Norm Dicks and Debbie Regala ’68 to Receive Honorary Degrees

May 8, 2013


Class of 2013 Commencement is 2–4:30 p.m., Sunday, May 19


TACOMA, Wash. – University of Puget Sound will award honorary degrees to two legendary legislators and public servants: the Hon. Norm Dicks, the recently retired member of the U.S. House of Representatives who championed Washington state for 18 terms, and Senator Debbie Regala ’68, who has served with distinction in both of Washington’s state legislative chambers across an 18-year period.

Puget Sound President Ronald R. Thomas will present both Dicks and Regala with honorary Doctor of Laws degrees at the Class of 2013 Commencement Ceremony in Baker Stadium on Sunday, May 19. The ceremony will run from 2 to 4:30 p.m.

“Congressman Dicks and Senator Regala exemplify the principles of informed and engaged citizenship so central to our educational mission at Puget Sound,” said Thomas. “Whether you are talking about jobs, social justice, the environment, or the welfare and protection of our nation, Norm and Debbie have been with us and the people of our region with powerful voices of conscience, always ready to learn, to serve, and to lead. It is with great pleasure that we extend this well-deserved recognition from Puget Sound.”

The Hon. Norm Dicks was widely acclaimed across the nation for his distinguished service in office when he announced to the U.S. House of Representatives last spring that he would be retiring after 18 terms. As the messages thanking him for his years of dedication poured in, Dicks told The Washington Post he planned to “change gears and enjoy life at a different pace.”

Initially elected to Washington’s 6th Congressional District in 1976, Dicks was voted back in office again and again by his constituents for a remarkable 18 terms, totaling 36 years.

At election time Dicks’ campaign yard signs carried a simple message: “He Works for Jobs.” The energetic congressman’s achievements went far beyond job numbers, however; throughout his career, he was an influential force on issues involving national security, the protection of national resources and public spaces, the advance of educational institutes and businesses, and continuing urban improvement.

A native of Bremerton, Wash., and recipient of B.A. and Juris Doctor degrees from University of Washington (where he was also a standout football player), Dicks began his career as a legislative and administrative assistant to long-serving U.S. Senator Warren G. Magnuson. Once elected to Congress, he served in several defense-related roles, including as the ranking Democratic member of the House Intelligence Committee from 1995 to 1998. He was awarded the prestigious CIA Director’s Medal for his work there.

A fierce advocate for the environment, Dicks served on the House Appropriations Subcommittee on Interior, Environment, and Related Agencies throughout his tenure in Congress. He twice helped rescue the Land and Water Conservation Fund, and he led a House floor fight that blocked efforts to eviscerate the Endangered Species Act. He worked with the Clinton administration to bring federal assistance to threatened salmon runs and to clean up estuaries, and wrote a landmark bill that doubled the nation’s commitment to preserving threatened parklands and wildlife.

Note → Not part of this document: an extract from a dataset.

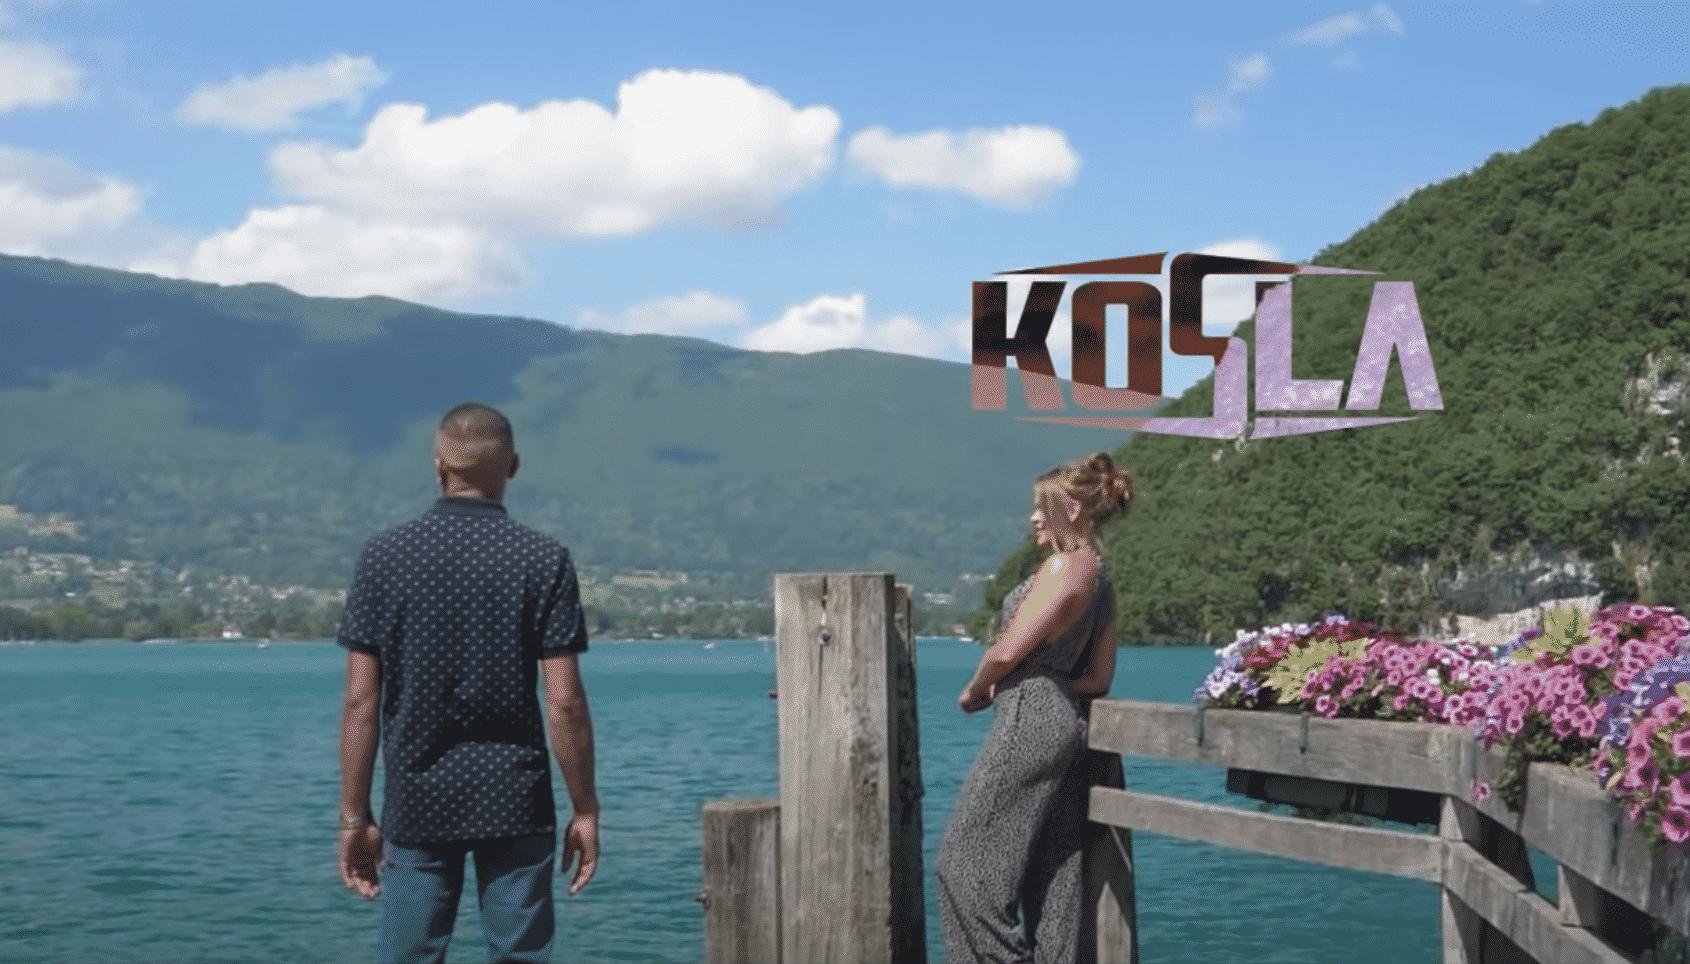 Kosla nous offre sa 'Confiance'

At home Dicks was a champion for the Hanford Nuclear Reservation cleanup and the leader of efforts to resolve land claims by the Puyallup Tribe. He brought federal funding to spur the revitalization of downtown Tacoma, and to restore Union Station. In Bremerton he worked with the Navy to build new housing, and he attracted federal grants to redevelop the waterfront. Dicks was also instrumental in securing federal funding to develop University of Puget Sound’s Slater Museum of Natural History and science center as an educational resource for both the campus community and people in the region.

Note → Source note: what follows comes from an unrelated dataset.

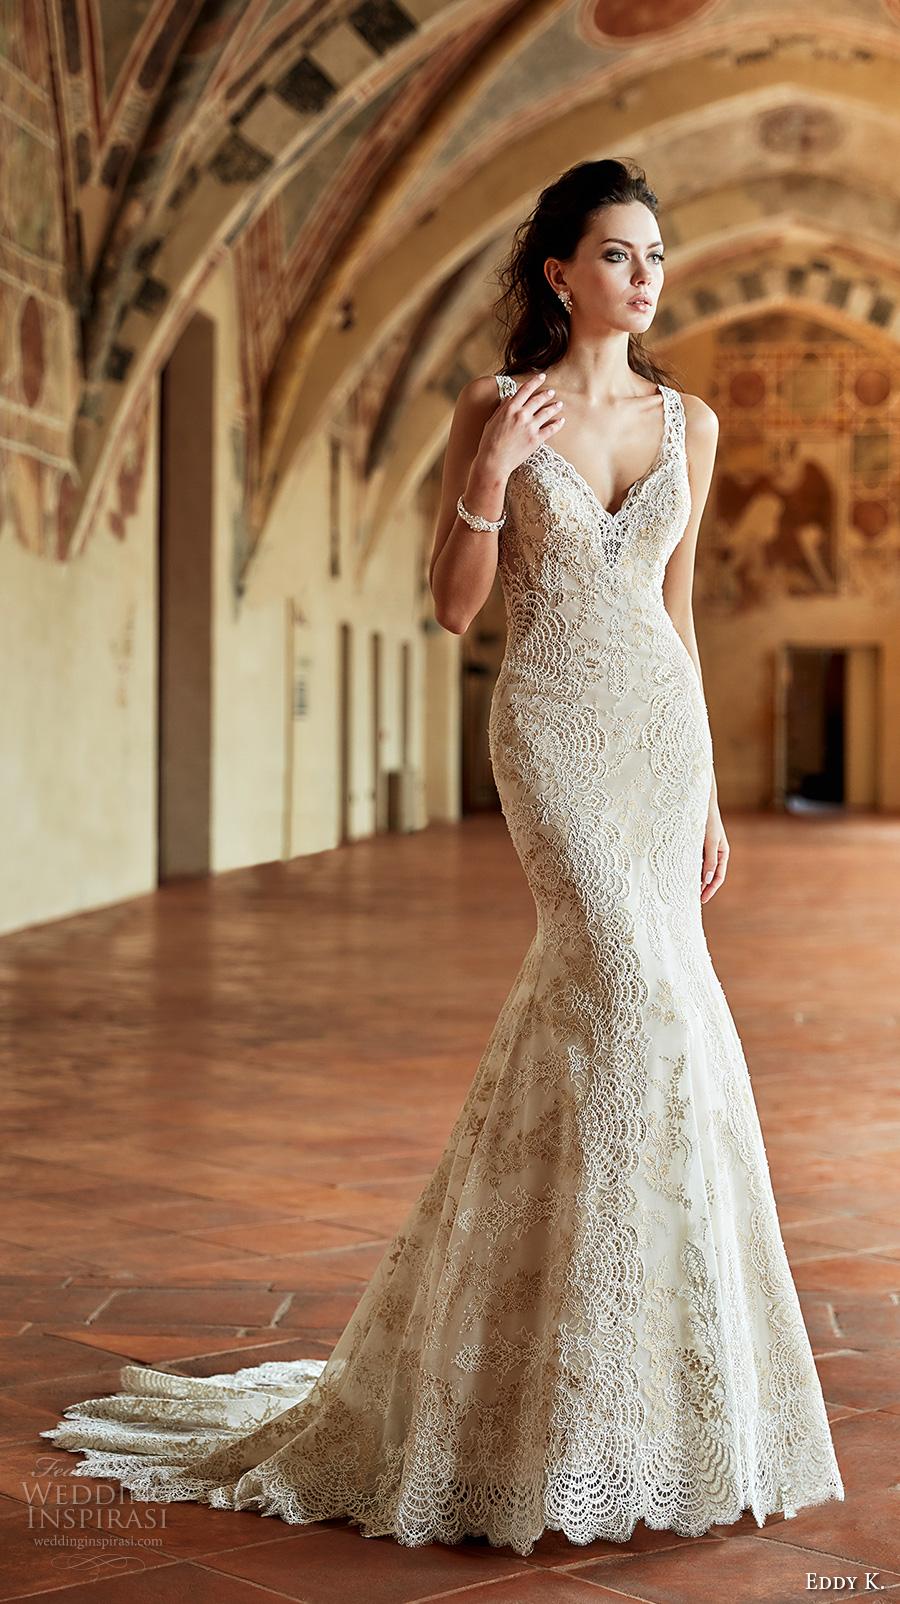 Wedding Dresses In Portland Oregon 99 Inspirational eddy k couture bridal

Those who worked with Dicks—like those who opposed him—respected his patience, diligent research, and resourcefulness. He saw complicated initiatives through, sometimes bringing together opponents and insisting they work out their differences. Bill Arthur, a deputy national field director for the Sierra Club in Seattle, told The News Tribune:

“He is one of my absolute favorite members of Congress, who takes joy in legislating, in solving problems. I fought with him more than I agreed with him, but his door was never closed.” Sen. Patti Murray, referring to Dicks’ successful effort to remove dams on the Elwha River and create a giant watershed for Chinook salmon, told Seattlepi.com:

“What has his role not been? Whenever an obstacle appeared, large or small, he was there to find a solution and to keep the project moving." Murray, a senior member of the Senate Appropriations Committee, told the paper candidly when she learned of Dicks’ retirement, “My job just got harder.”

Dicks concluded his career in Congress as the ranking Democratic member of the House Appropriations Committee.

Senator Debbie Regala ’68, a courageous and gracious Washington state senator, has spent much of her political career pursuing issues that make a difference in the lives of the vulnerable—using her experience and persuasive powers to win victories on multiple fronts.

The Tacoma-born senator, a graduate of Stadium High School and University of Puget Sound, has served the people of the 27th district for 18 years, first in the House of Representatives (1995–2000) and then in the state Senate. She retired in 2012, leaving a legacy marked by the numerous honors bestowed on her by organizations as diverse as the Children’s Trust Foundation to the Washington State Bar Association.

Noting with concern significant gaps and injustices in the state’s social services system, Regala sponsored and supported bills that senators could not easily oppose. The Senate unanimously passed her 2011 bill focused on ensuring greater accountability and effective outcomes for families receiving Temporary Assistance for Needy Families (welfare) and WorkFirst services. In the Senate she helped develop sweeping reforms in Washington’s prison system.  As co-chair of the House Committee on Natural Resources, she helped write the 1999 Forests and Fish law.  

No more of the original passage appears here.